The Uyghurs are the indigenous people of Xinjiang and have been settled in the north eastern parts of China for centuries; the Hans are the majority ethnic group in the whole of China.

From my understanding of what's been going on, the Uyghurs have for a while, felt threatened by the Han's growing presence in their indigenous state of Xinjiang. The number of Han's residing in the state has more than tripled from the early 1900's as the region developed enormously in the manufacturing sector. Many Uyghurs feel disgruntled about not prospering with the development of the state capital -Urumqi, and feel that the Government has not done enough for them to prosper both economically and politically in the economic boom.

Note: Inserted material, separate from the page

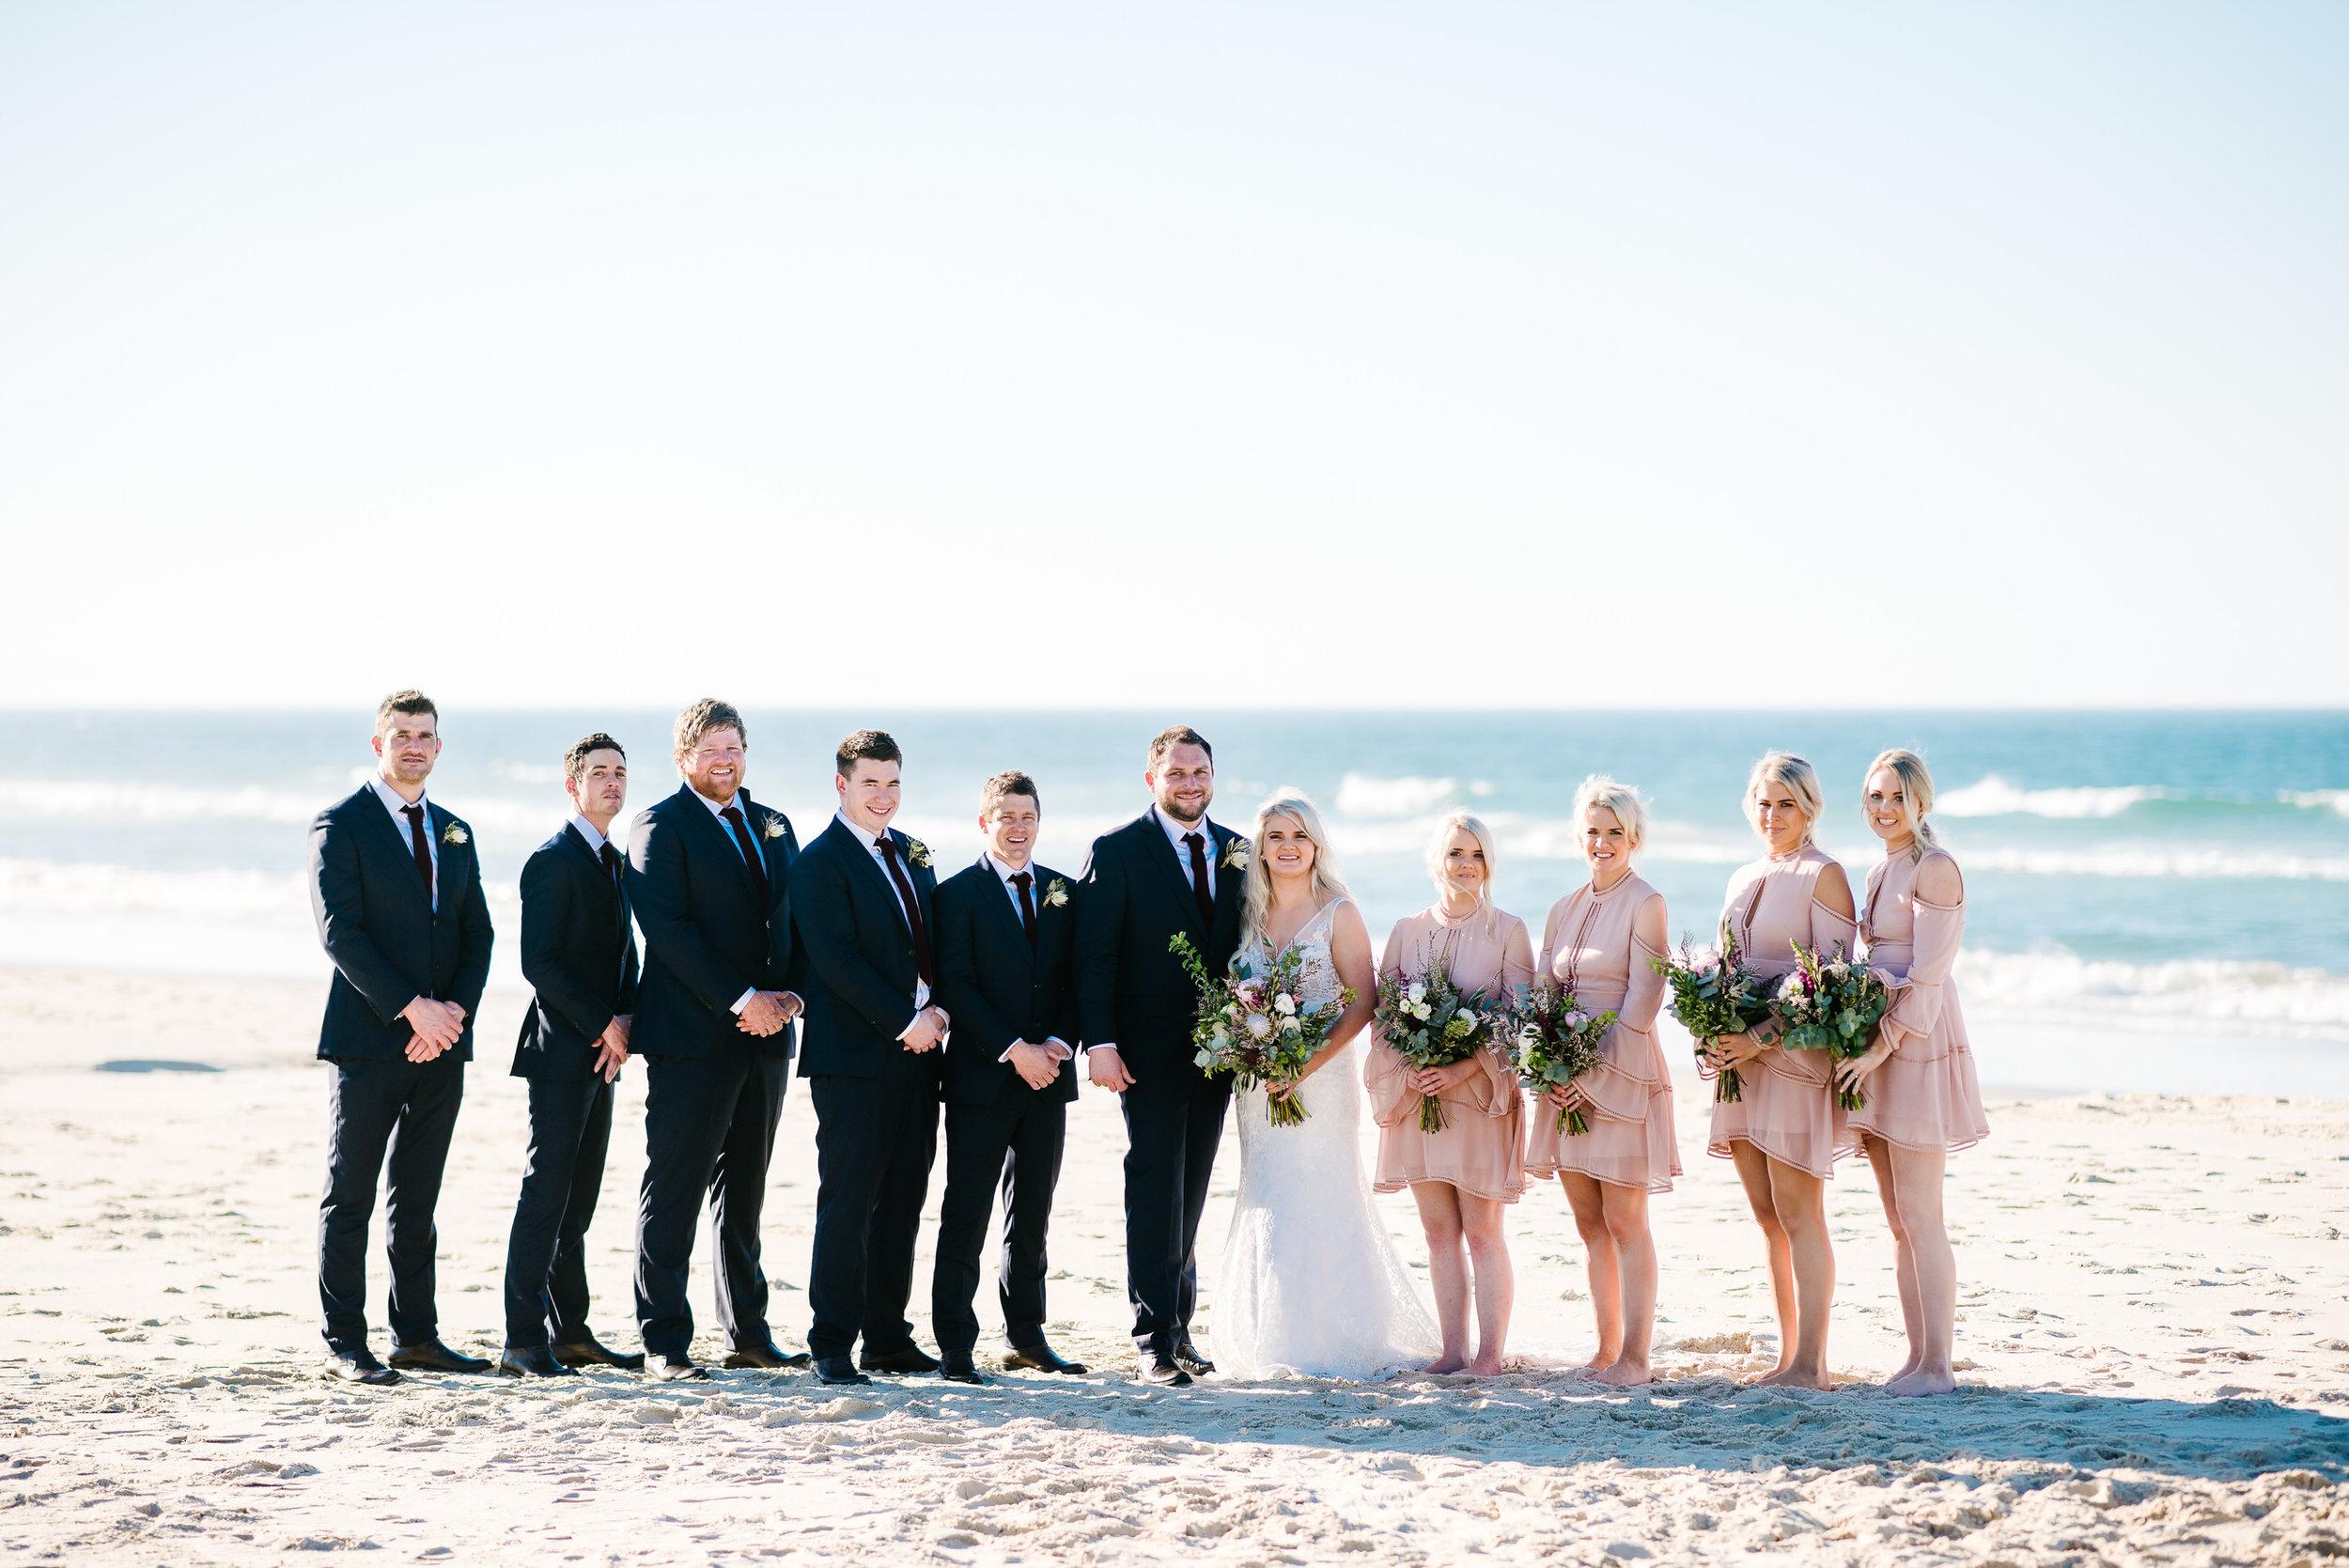 Justin_And_Jim_Photography_Byron_Bay_Wedding065.JPG
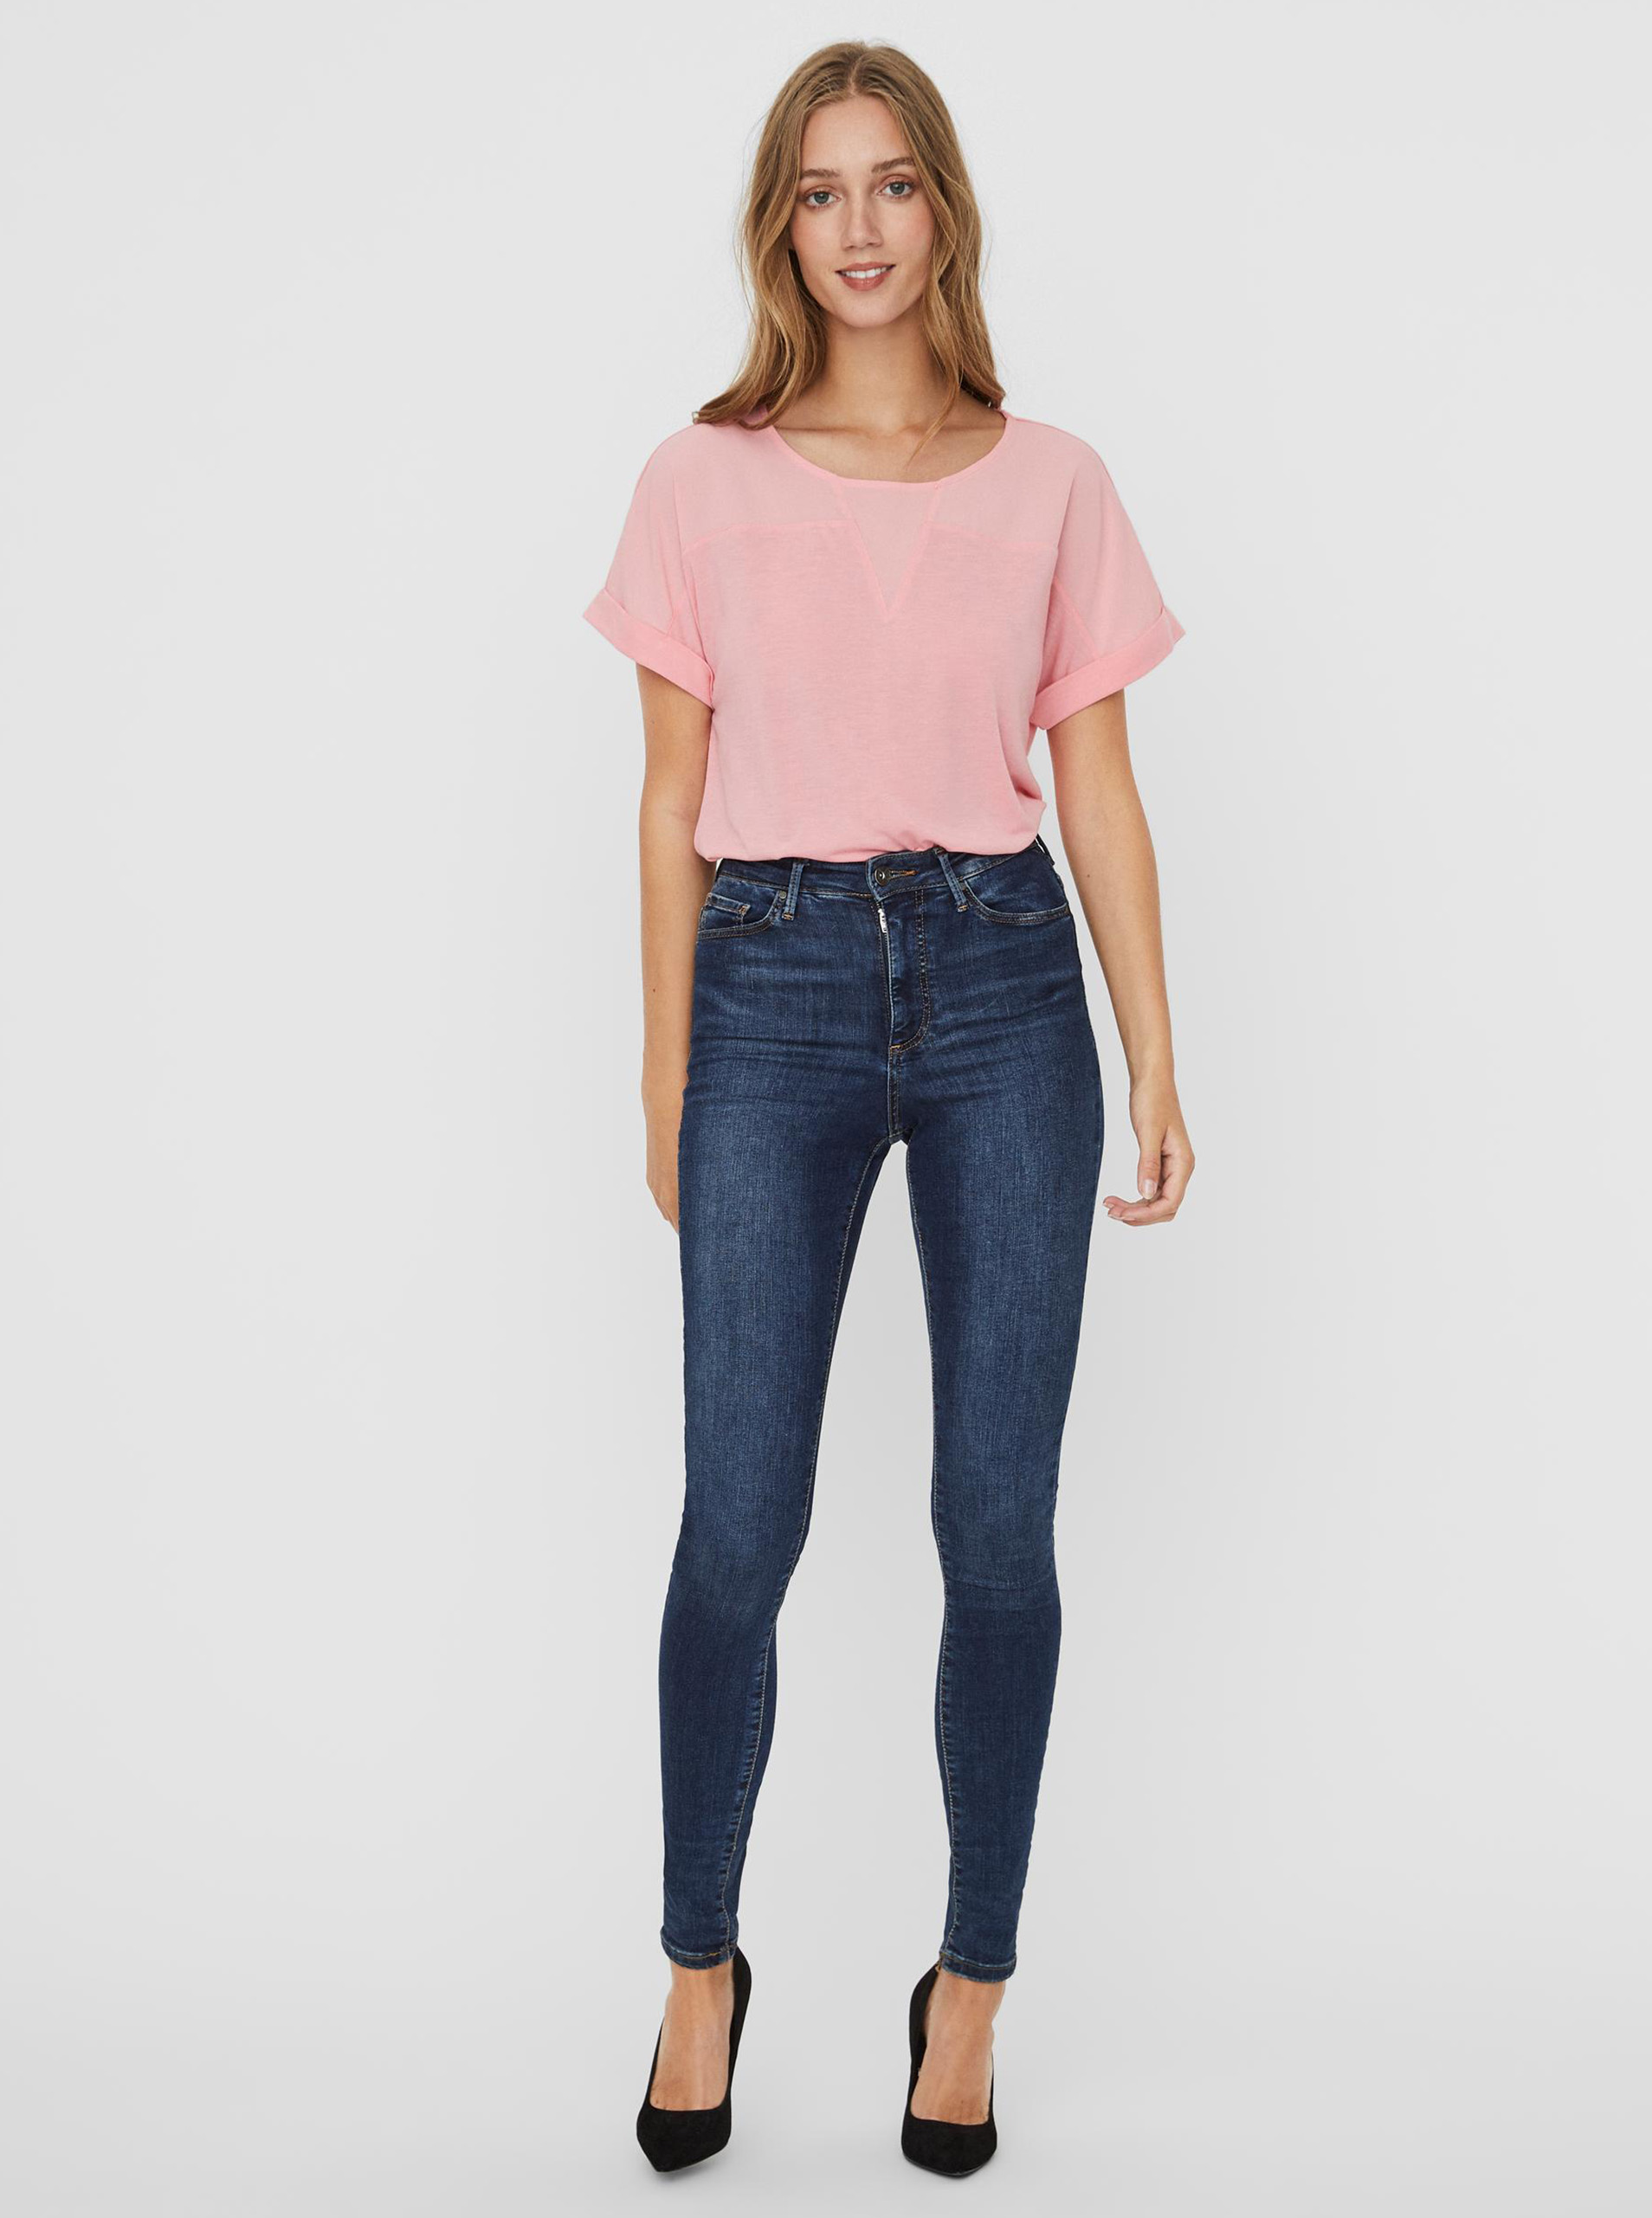 Vero Moda różowy bluzka Ellen

The more immediate causes for the Urumqi riots seems to have manifested from this long history of mistrust between the two ethnic groups. Reports covering the reasons behind the riots breaking out are still unclear: two Uyghur factory worker deaths and the rape of a Han woman seem to be the two most common stories.

Whatever the immediate cause, things do not look good for the people living in Urumqi. Uyghur and Han people in their thousands are fleeing for their lives, leaving behind everything in the need of safety.

Angry Uyghur women have been compelled to protest on the streets, carrying pcitures of their husbands/sons/brothers/fathers as they fight for their voices to be heard, hoping to be reunited with their loved ones.

Pictures of Han men, strolling through Urumqi streets with cleaver's in hand, are all over the 'net. This particular picture sent a shiver down my spine >>
Tension between the Uyghurs and the rest of China isn't something new. Many Uyghurs in the past have held a very pro-separatist attitude and have fought for their Independence to live in their own state, Turkmenistan; and although they succeeded in doing so, this success was very short lived as the Chinese Government dissolved the newly independent state, merging the Xinjiang province with China.

I just hope things settle down very soon as although the army's presence does seem to have brought a sense of calm amongst the riots, I doubt things will ever be the same again.